In [1]:
from transformers import AutoModelForCausalLM, AutoTokenizer, BitsAndBytesConfig
import torch

nf4_config = BitsAndBytesConfig(
   load_in_4bit=True,
   bnb_4bit_quant_type="nf4",
   bnb_4bit_use_double_quant=True,
   bnb_4bit_compute_dtype=torch.bfloat16
)

model_name = "lmg-anon/vntl-7b-v0.3.1-hf"
model = AutoModelForCausalLM.from_pretrained(model_name, device_map="auto", quantization_config=nf4_config)
tokenizer = AutoTokenizer.from_pretrained(model_name)

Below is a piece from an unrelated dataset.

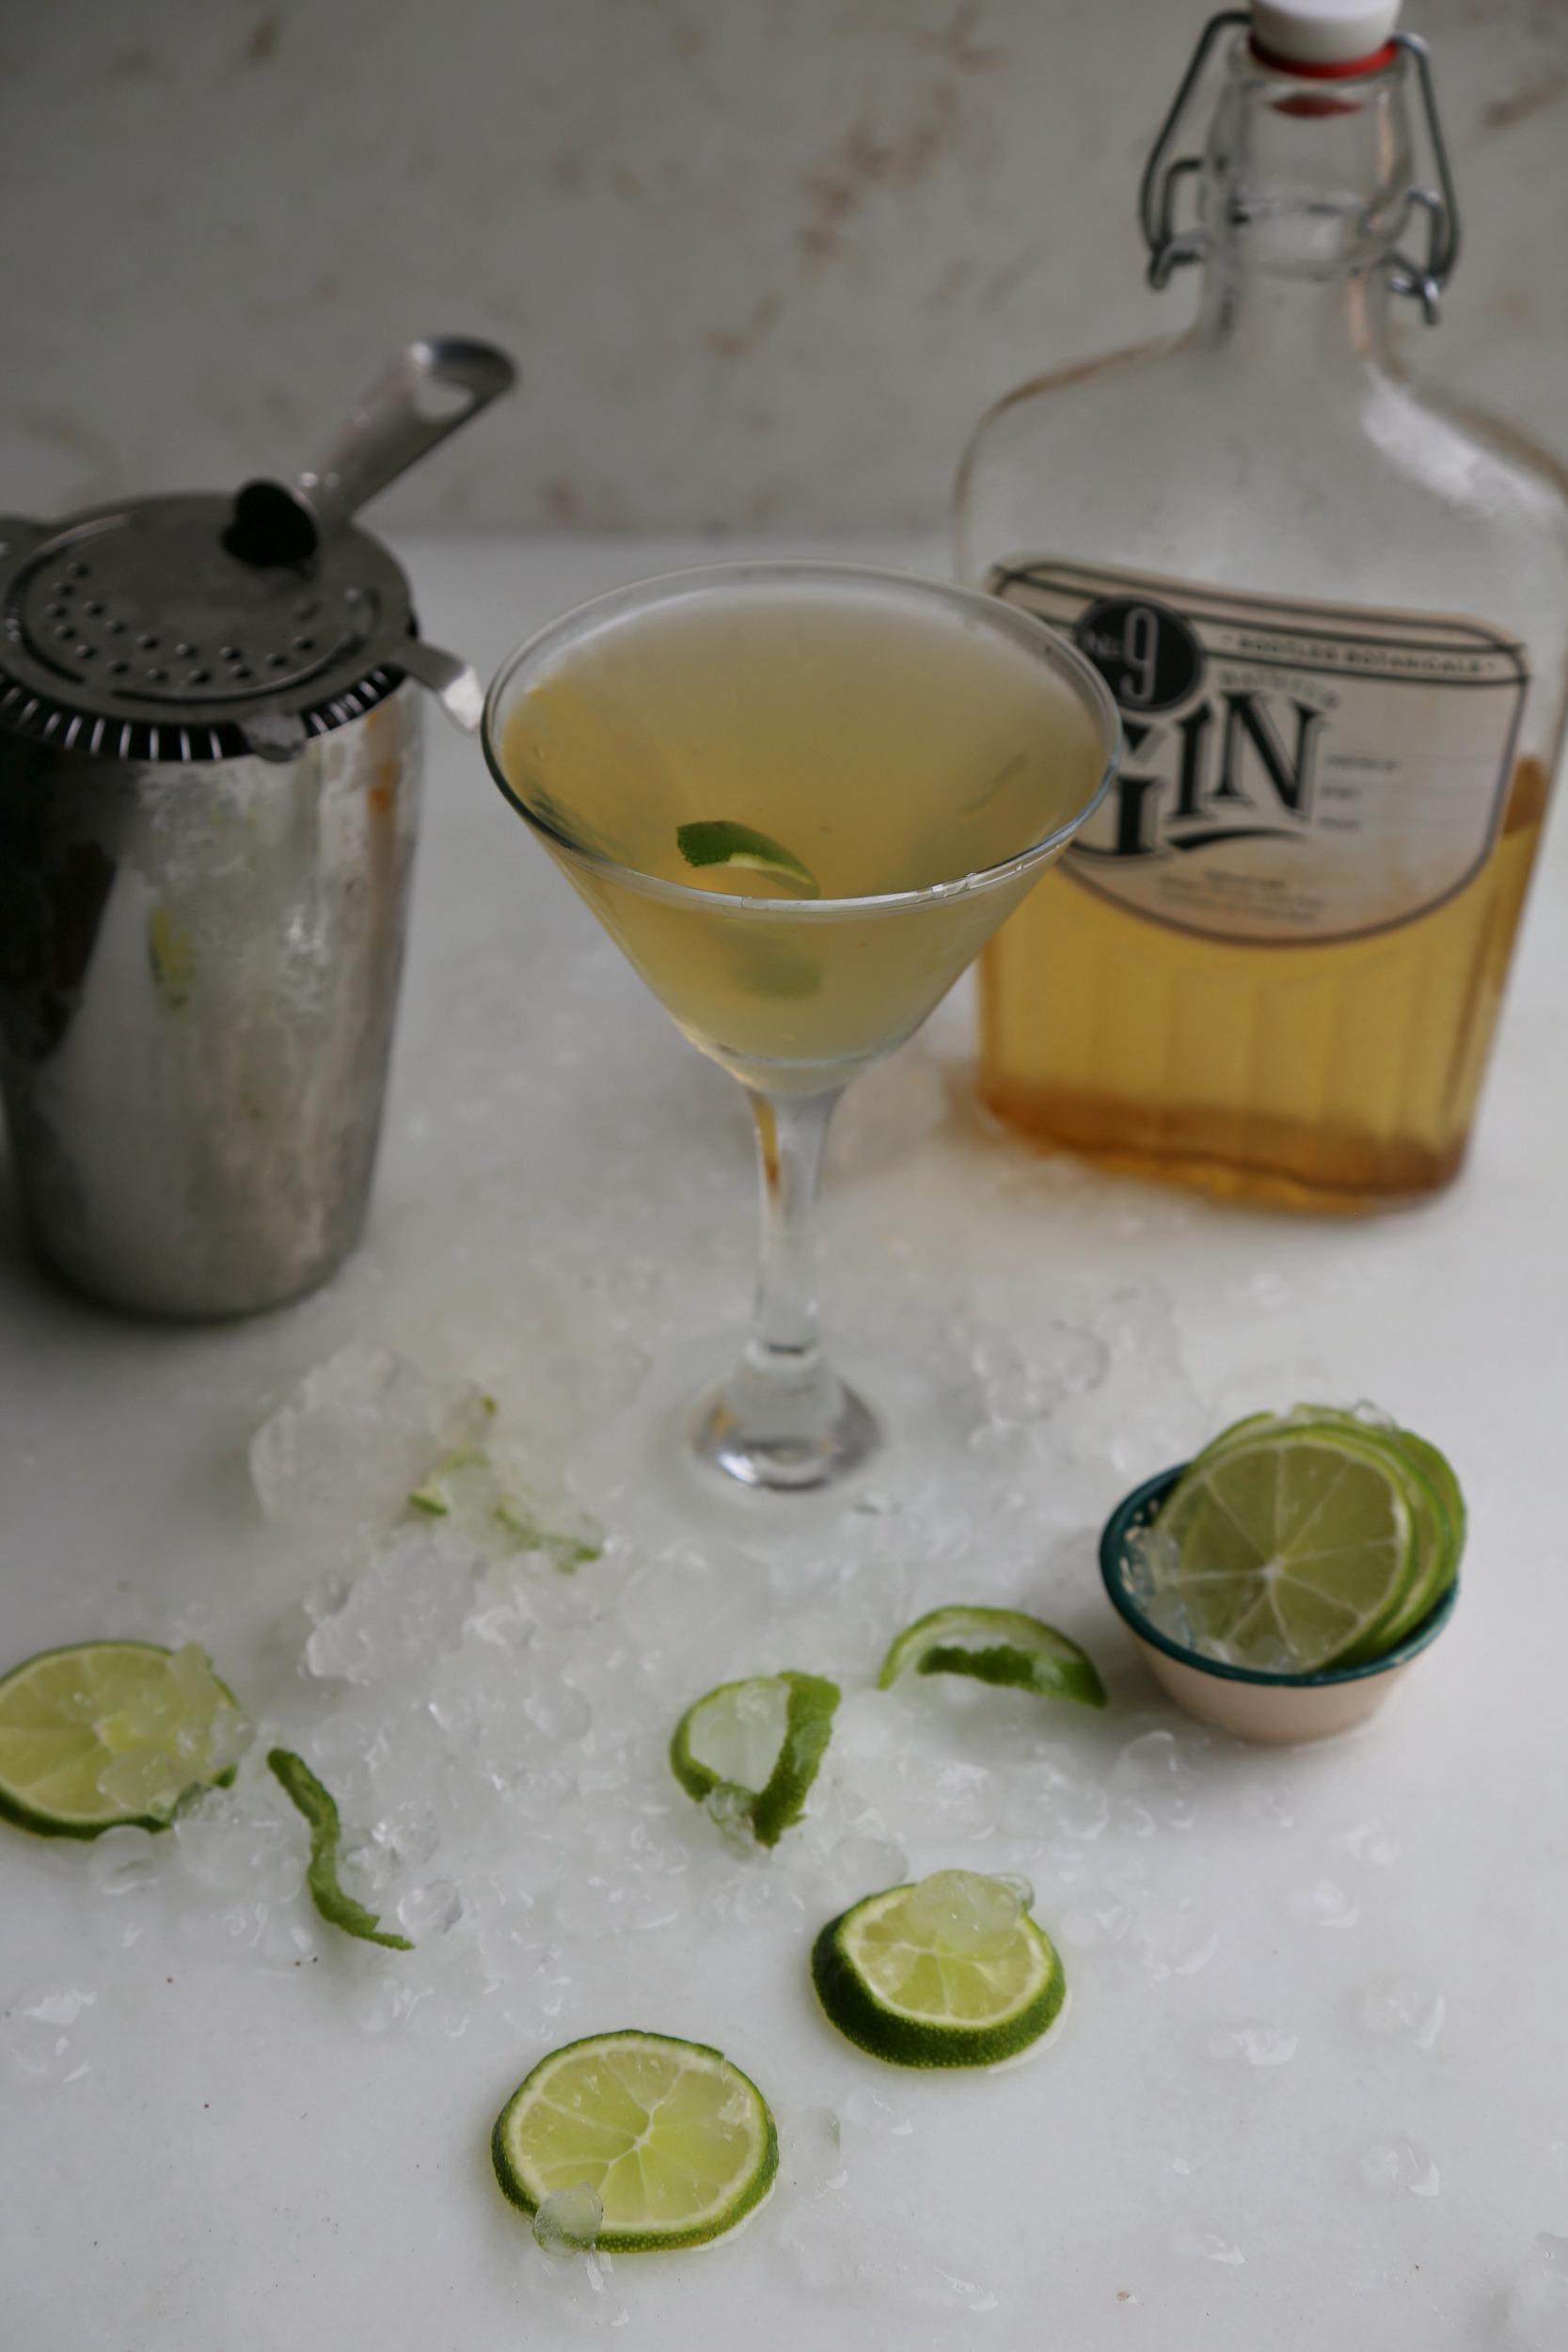 coriander-lime-martinez-cocktail-vianneyrodriguez-sweetlifebake

Loading checkpoint shards:   0%|          | 0/3 [00:00<?, ?it/s]

In [2]:
import sqlite3
db = sqlite3.connect("../blume.db")

In [3]:
import re

names = {
    'Mary': 'メアリ',
    'Narrator': None,
    '???': '？？？',
    'Daniela': 'ダニエラ',
    'Victor': 'ヴィクトル',
    'Auguste': 'オーギュスト',
    'Ilia': 'イリア',
    'Richard': 'リチャード',
    'Jacob': 'ヤコブ'
}

prompt_start = """<<START>>
Name: Mary (メアリ) | Gender: Female
Name: Daniela Brancusi (ダニエラ・ブランクーシ) | Gender: Female
Name: Victor Friedrich (ヴィクトル・フリードリヒ) | Gender: Male
Name: Auguste Muller (オーギュスト・ミュラー) | Gender: Male
Name: Ilia Cantemir (イリア・カンテミール) | Gender: Female
Name: Richard Cantemir (リチャード・カンテミール) | Gender: Male | Aliases: Onii-chan (お兄ちゃん)
Name: Jacob Cantemir (ヤコブ・カンテミール) | Gender: Male | Aliases: mayor (村長)
"""

exp = re.compile("(?:\[(?:.+?)\]: )?(.+)", re.S)

seen = []

for address, speaker, line in db.cursor().execute("SELECT address, speaker, line FROM lines WHERE scriptid = 100"):
    line = line.replace("#Name[1]", "メアリ")
    jpspeaker = names[speaker]
    
    if jpspeaker is not None:
        jpspeaker = "[" + jpspeaker + "]: "
    else:
        jpspeaker = ""
    
    nucleus = "<<JAPANESE>>\n" + jpspeaker + line + "\n<<ENGLISH>> (fidelity = high)\n"
    while True:
        prompt = ''.join([prompt_start, *seen, nucleus])
        inputs = tokenizer(prompt, return_tensors="pt", return_length=True).to('cuda:0')
        if inputs.length <= 3840:
            del inputs['length']
            break
        seen.pop(0)
    
    outputs = model.generate(**inputs)
    tl = exp.match(tokenizer.batch_decode(outputs, skip_special_tokens=True, max_tokens=256)[0][len(prompt):].strip())[1]
    nucleus += tl + "\n"
    seen.append(nucleus)
    print(tl)
    #db.cursor().execute("INSERT OR REPLACE INTO translations VALUES('vntl-20240201', 100, ?, ?)", (address, tl))
    #db.commit()

「...」
I prayed to God this morning as well.
Yes. I didn't know what would happen next.
Or perhaps she'd closed her eyes and ears to everything she knew...
「...Fwaaah.」
(Aaaah! Not in front of God!)
She quickly corrected her posture.
Perhaps it was because she'd stayed up late the night before, but she was sleepy this morning.
(I needed to focus on my prayer.)
「...Mary? Where are you, Mary?」
(Oh, that voice...?)
「Ah, Mary. I see you're here.」
「Yes, Dani.」
As I'd expected. Dani had been looking for me.
She was a very beautiful woman. She was the second most revered person in this church, and that's why she knew so much about the church's teachings.
But she didn't seem to be very strict about the rules. Of course, she wasn't doing anything truly wrong.
She'd let me share some of the tasty sweets from the village with her, and she'd let me take a bath for longer than I was supposed to...
She was the kind of person who worried about our well-being and made sure we had time to relax.
My role